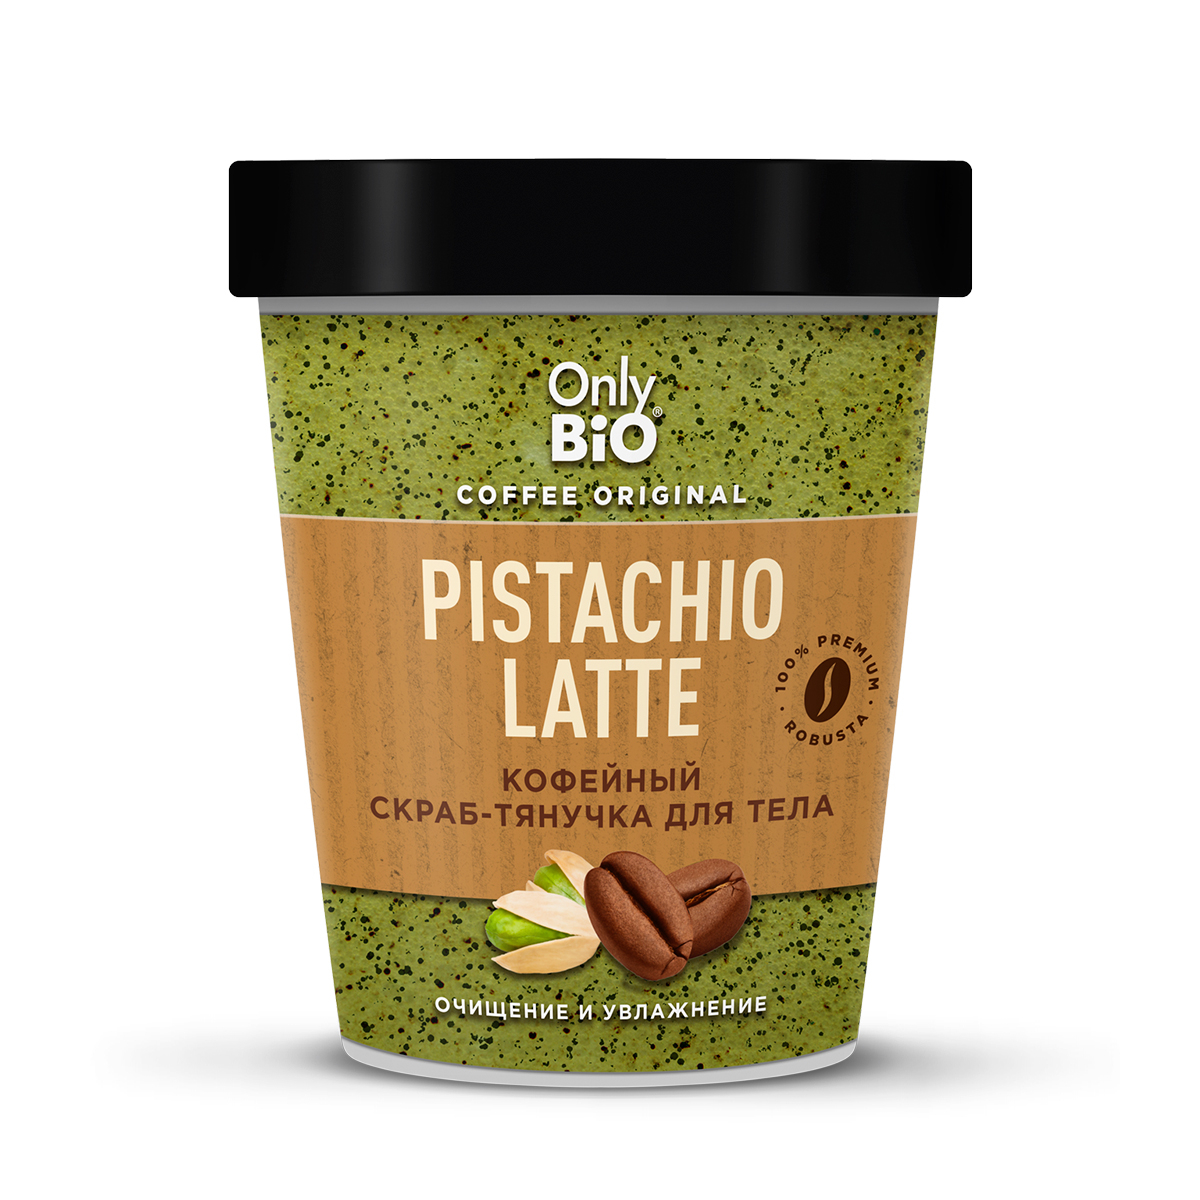 Скраб-тянучка для тела Only Bio Coffee Original Pistachio Latte кофейный, 230 мл greena avocadova скраб для тела твердый кофейный 100
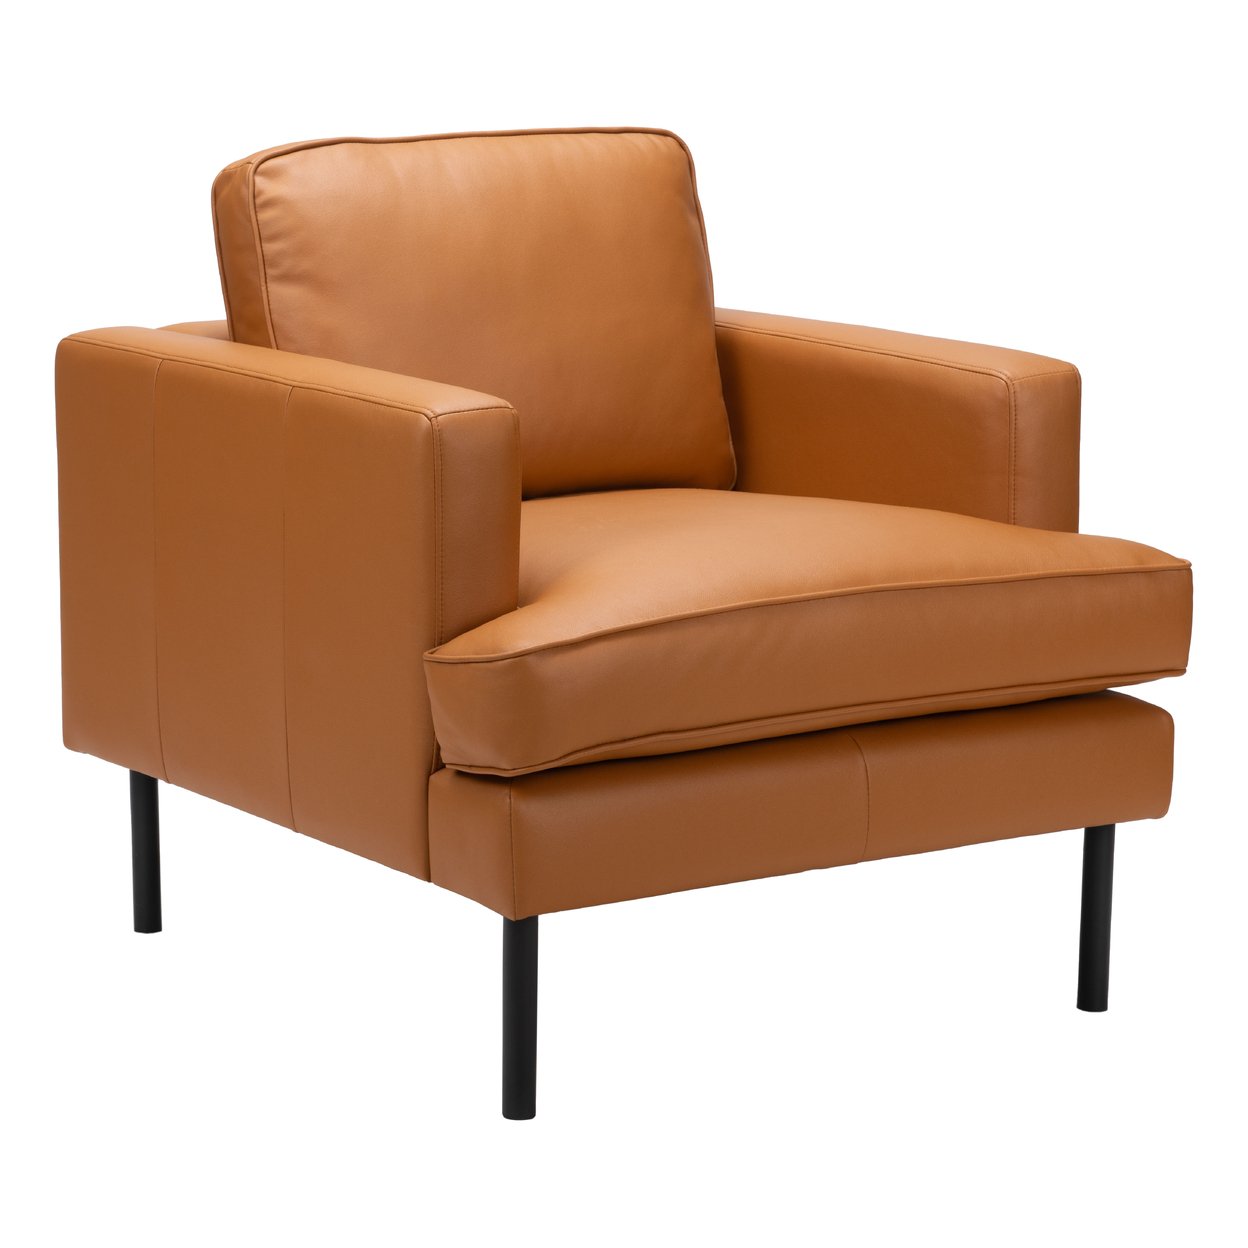 Zuo Modern Contemporary Inc. Decade Armchair
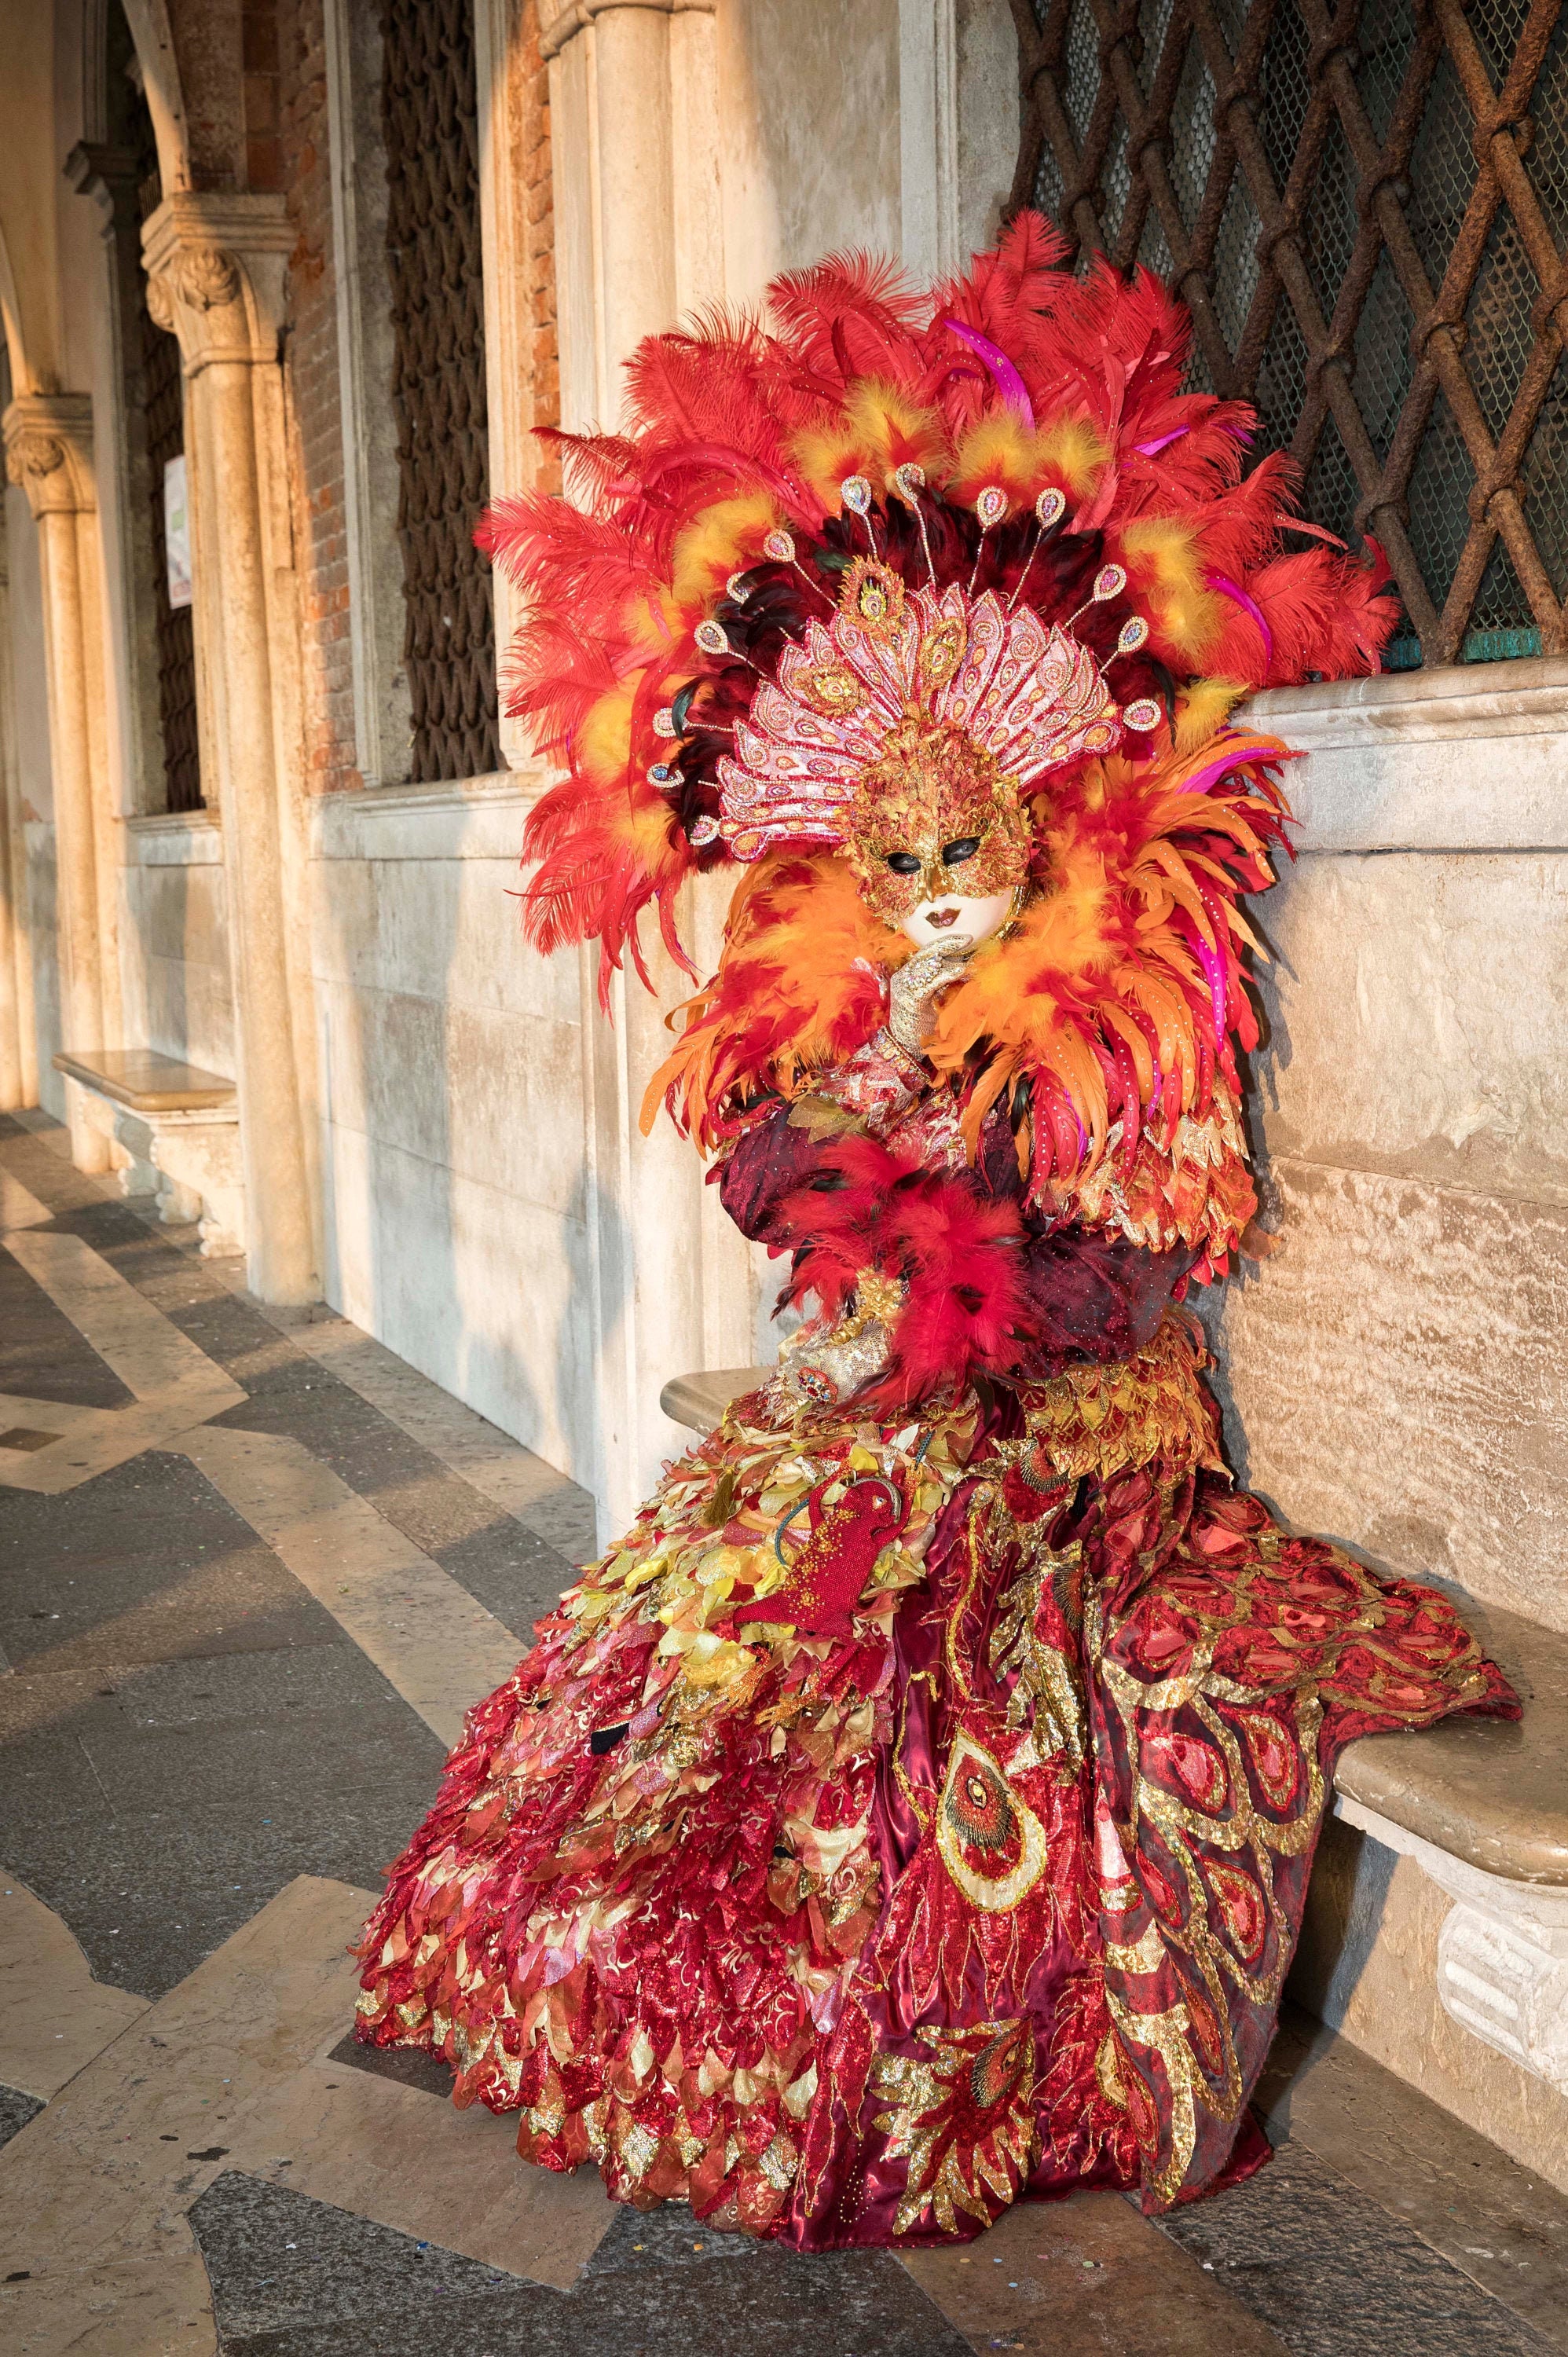 Carnaval De Venecia 2019 Disfraz De Carnaval Veneciano Máscara De Carnaval  Veneciana Venecia, Italia Fotografía editorial - Imagen de modelo, pluma:  162618242
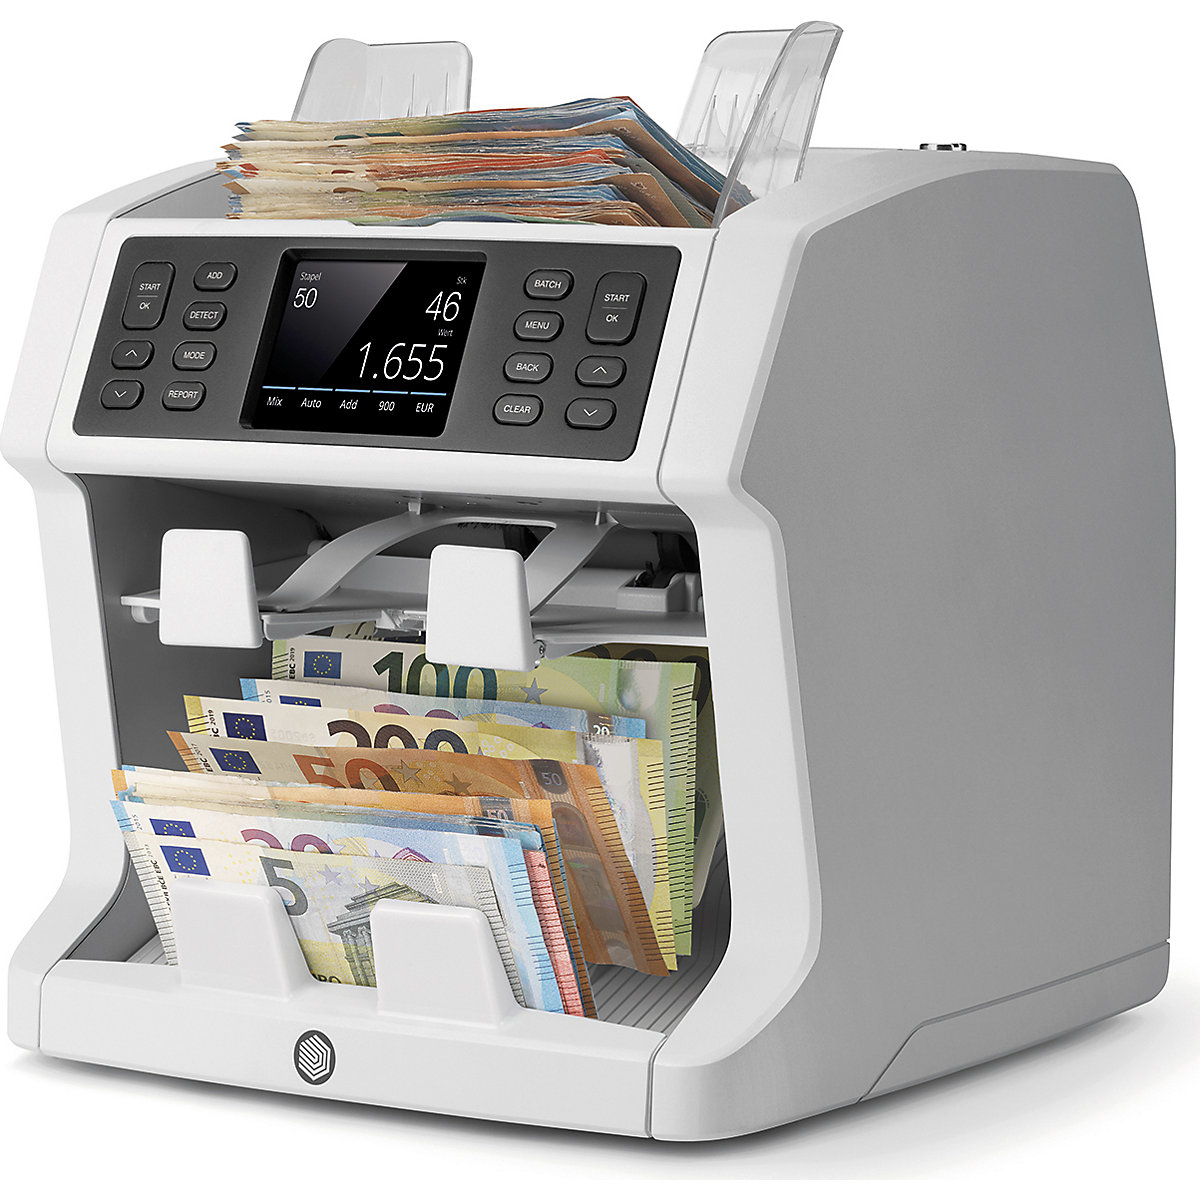 Compteuse de monnaie avec comptage non trié et fonction de tri – Safescan

·····

* _Exercise directions_
Print the listing exactly, images excluded.

* _Your solution_
 Скраб-тянучка для тела Only Bio Coffee Original Pistachio Latte кофейный, 230 мл greena avocadova скраб для тела твердый кофейный 100
 Zuo Modern Contemporary Inc. Decade Armchair
 Carnaval De Venecia 2019 Disfraz De Carnaval Veneciano Máscara De Carnaval  Veneciana Venecia, Italia Fotografía editorial - Imagen de modelo, pluma:  162618242
 Compteuse de monnaie avec comptage non trié et fonction de tri – Safescan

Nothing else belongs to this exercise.